A young man is accosted by a beautiful and mysterious young woman who has great and frightening powers. Although the young man is initially fascinated by the woman, he is also taken aback by her forwardness and scared of her latent and obvious sexuality. Sounds like our "special couple", Ataru and Lum, from the first essay, but I am thinking here instead of a number of other very popular and successful anime series which use this formula quite shamelessly.

A reader of my first essay in this series pointed out quite astutely that American television shows such as "Bewitched" and "I Dream of Jeanie" exposed the world to this plot line in the 1960's. But the heroes in those two TV series were quite straight-laced and not hopeless skirt-chasers like Ataru Moroboshi in "Urusei Yatsura". (Yet, despite the long running popularity of those series and the characters in them, I suspect that if most people were asked to identify Larry Hagman's most memorable role they would more likely remember his lascivious and totally amoral role as J.R in "Dallas" rather than his "all-American boy" astronaut role in "Jeanie". )

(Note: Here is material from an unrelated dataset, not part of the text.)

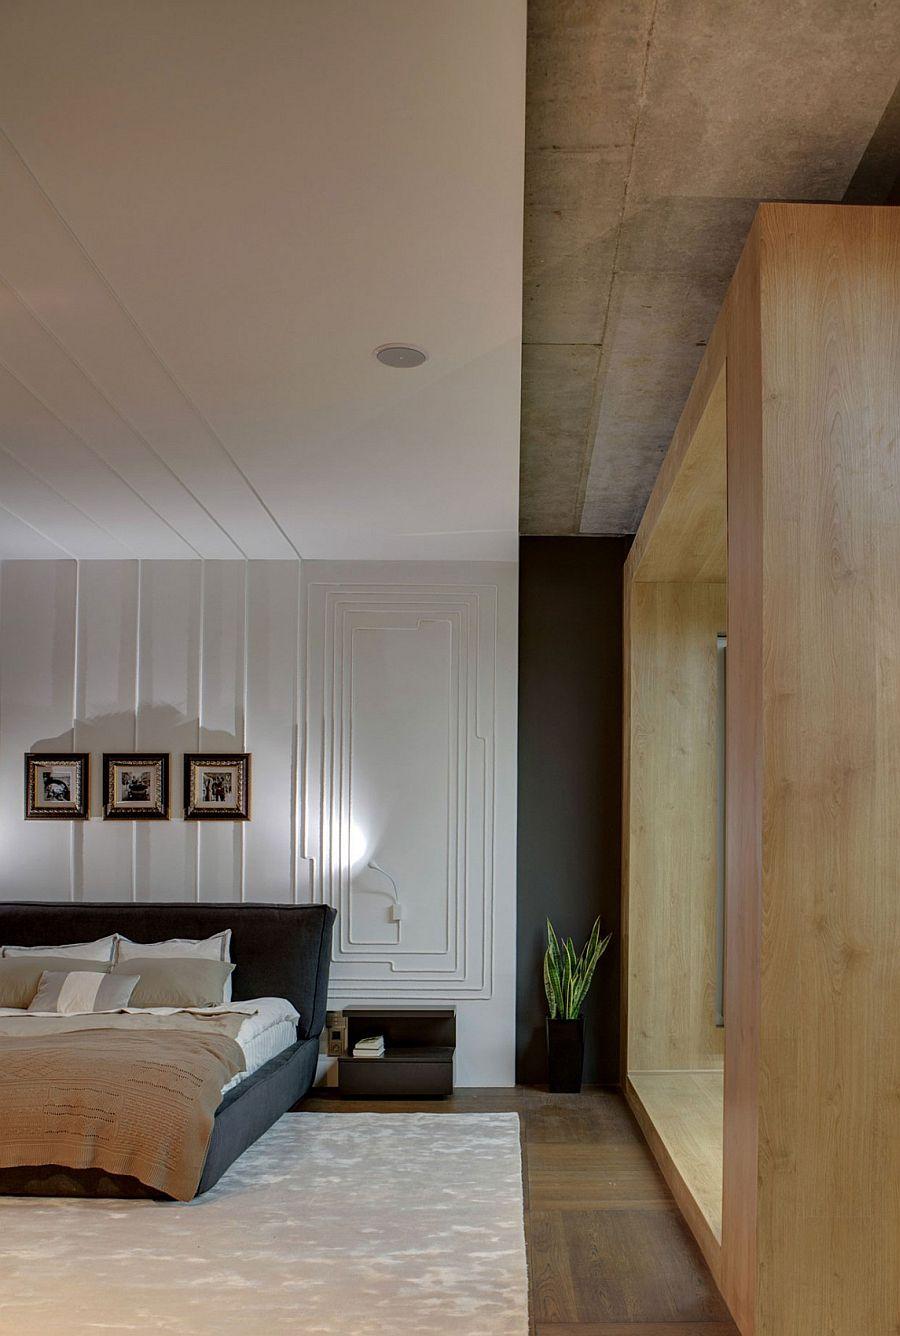 Unique headboard wall and bedside lighting idea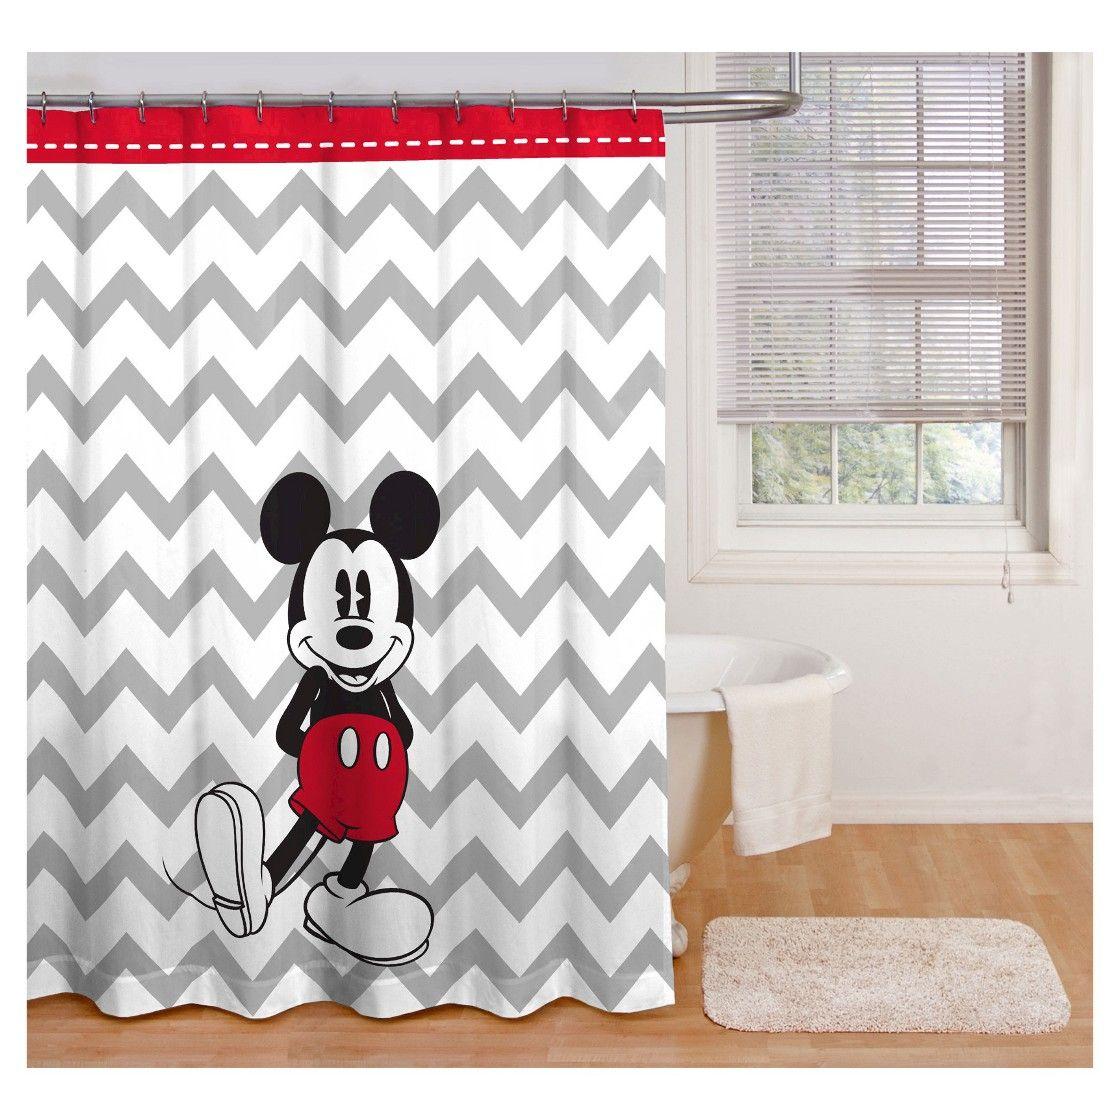 Disney Mickey Mouse Chevron Shower Curtain Gray White Mickey

One of the anime series that recaptures the "innocence" of Bewitched or Jeanie very well is, of course, the Tenchi series. This extremely successful and popular series has undergone a number of character and plot line modifications during its run of two OAV series, two TV series and three movies, but one thing remains constant - Tenchi's inability to deal with the girls in the show. Granted, that is a driver for the comedy, but why is Tenchi so up-tight?

Tenchi is embarrassed by Ryoko's forwardness, but at the same time when they are alone he encourages her with promises of "someday". Tenchi nobly goes out to save Ayeka when she is in danger but when he has succeeded he leaves her to return to anonymity. Only with Sammy does Tenchi seem at ease. ( Is this an ominous hint of a "Lolita complex" ? ) Is it the power that is embodied within Ryoko and Ayeka that frightens Tenchi off? Only in the third movie does Tenchi finally have sex, but this is an older, transformed Tenchi who is "bewitched" by his captor. Even at that he is a reluctant mate for Haruna, despite her obvious charms and the traditional domestic environment that she set up for the two of them.

In contrast, in a boring example of what makes "hentai" anime so often worthless, the "heroine" in "Sakura Tuushin" hunts down her "choice" in the hotel where he is staying while he tries to concentrate on his university entrance exams. Now that Sakura has found him, she disrobes, crawls into bed, turns her back to him and makes little "submissive" moans for him to come and take her. For the "hero" to do so would obviate this pitiful excuse for dramatic tension, such as it is, so of course, the hero refuses and throws Sakura out into the hallway. So is it a lack of submissiveness on the part of Ryoko and Ayeka that turns Tenchi off?

Let's look at another famous anime that almost glorifies submissiveness and passiveness, "Ah My Goddess". The hero, Keiichi is a "nerd amongst men" and bemoaning his fate when he causes Belldandy to appear before him. Here is the girl of his dreams, available to grant any wish and unlike Ryoko, totally non-threatening. But Keiichi is frightened of the potential problems that could be caused by Belldandy. Is Keiichi so used to being a loser that he is frightened of actually winning for a change?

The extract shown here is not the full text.